第六章 倒れた義姉さんと酔っ払いの因縁(1)

「ああ、今回も疲れた……わ、ね……」


 言葉の途中で頭を押さえた義姉さんが傍のテーブルに倒れ込むようにもたれかかったのは、昼の営業時間が終了した直後のことだった。そのまま足がふにゃふにゃになってしまったかのように、床にくずおれる。


「義姉さん!? 大丈夫!?」


 あたしは慌てて義姉さんに走り寄って、義姉さんの脇に膝をついた。シアも駆け寄ってくる。


「だ、大丈夫よ。ちょっと立ちくらみがしただけ……」


 義姉さんは気丈にそう言うけど、顔色が悪い。


「すみません。ちょっといいですか?」


 あたし同様義姉さんの脇に膝をついたシアが、義姉さんの額に手を当てる。


「体温が高すぎたり低すぎたりはしませんね」


 シアの言葉に少しほっとする。


「じゃ、じゃあそんなに大した病気じゃないよね?」


「多分疲労が溜まっていただけだと思うけれど……セイーリンさんは妊娠中ですから、万が一のことがあるといけないので、念のため医師に診てもらった方が良いと思います」


「そこまでしなくても大丈夫ですよ。ちょっと休めば良くなりますから……」


 相変わらず具合悪そうな義姉さんが言う。あたしが反論しようと口を開いたところで、厨房から兄さんが出てきた。

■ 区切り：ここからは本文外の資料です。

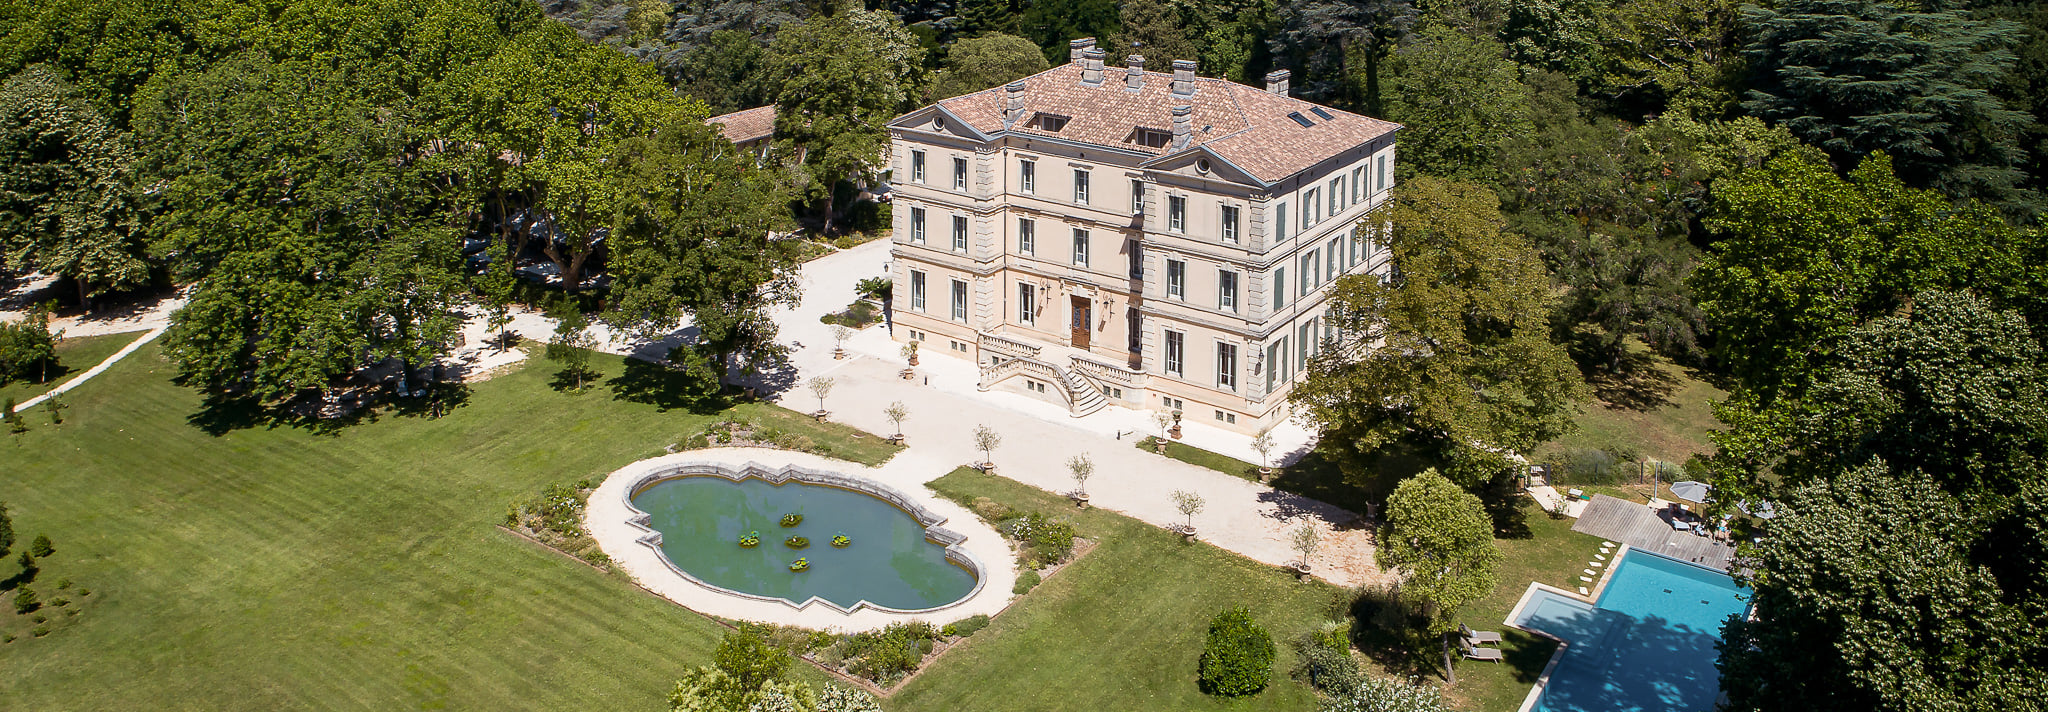 Vue aérienne sur le Château de Montcaud, hôtel en Provence, avec son parc et sa piscine
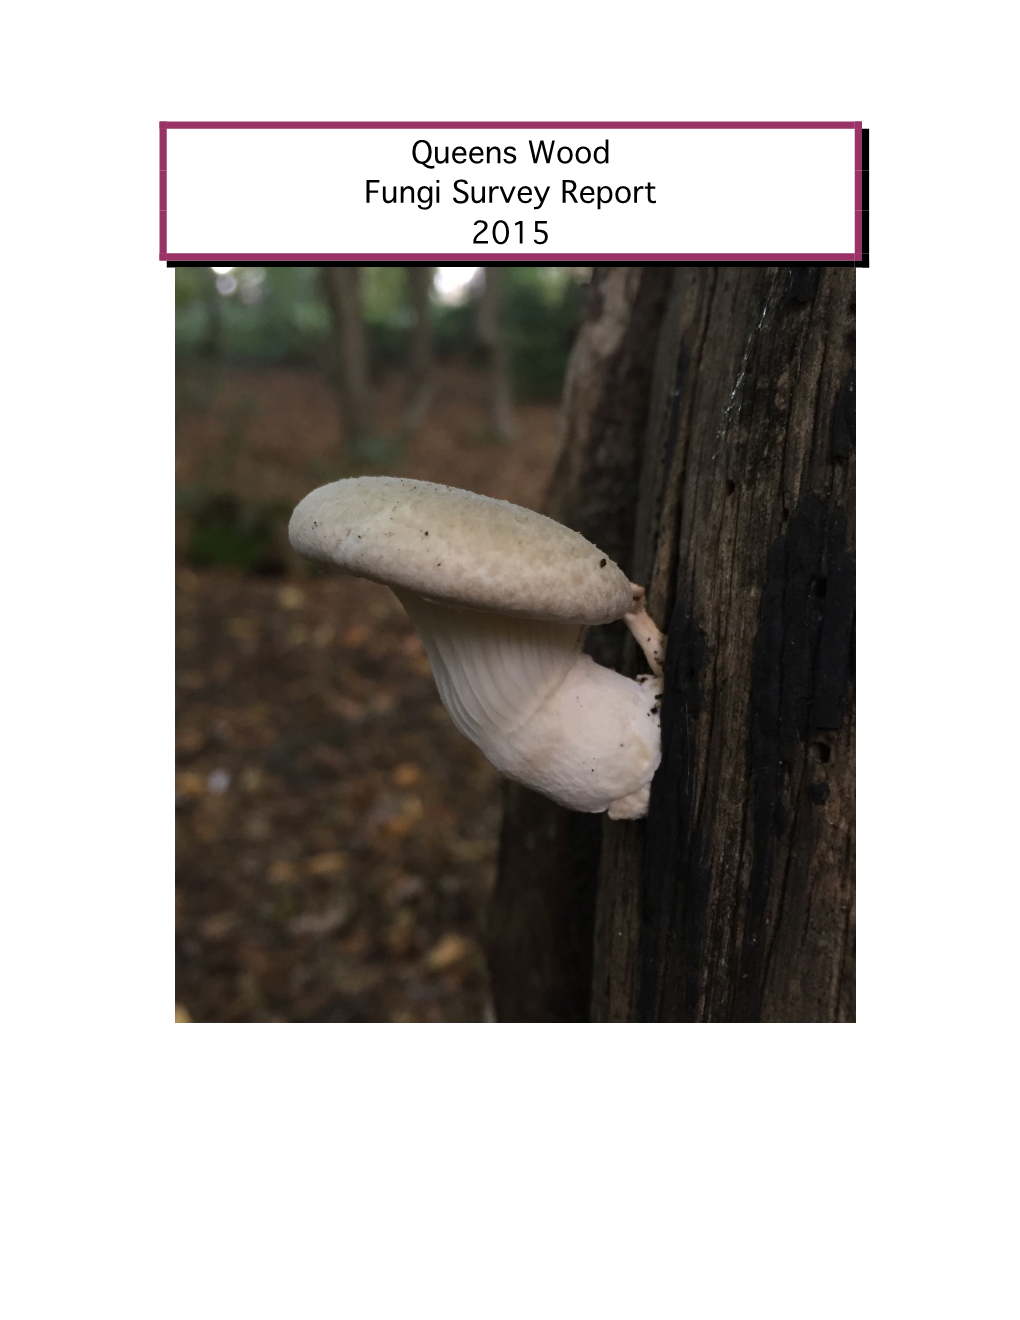 Queens Wood Fungi Survey Report 2015

「どうしたんだ? なんか騒がしいけど……セイーリン!?」


 兄さんは駆け寄ってきて、義姉さんの前に膝をついた。


「どうした? 気分悪いのか!?」


「急にふらついて座り込んじゃったの。立ちくらみがしたんだって。シアは、赤ちゃんのこともあるし、念のためお医者さんに診てもらった方がいいって」


 あたしの説明に、兄さんがうなずいて立ち上がった。


「すぐにリーナス先生を呼んでくる」


「待ってよ、フュリド。大げさだって。本当に一瞬くらっとしただけなのよ。そこまでしなくても――」


「馬鹿野郎!」


 言い募る義姉さんを遮って、兄さんが叫んだ。


「病人は黙っておとなしくしてろ! おまえ一人の体じゃないんだぞ! 俺は……俺はまた子どもを……家族を失うなんてごめんだからな!」


 固く握った拳を震わせながらそう叫んだ兄さんに、義姉さんがはっと息を吞んだ。


「フュリドの言うとおりだ」


 厨房の方から声が響く。いつの間にか厨房から出てきていた父さんが、重々しい声で言った。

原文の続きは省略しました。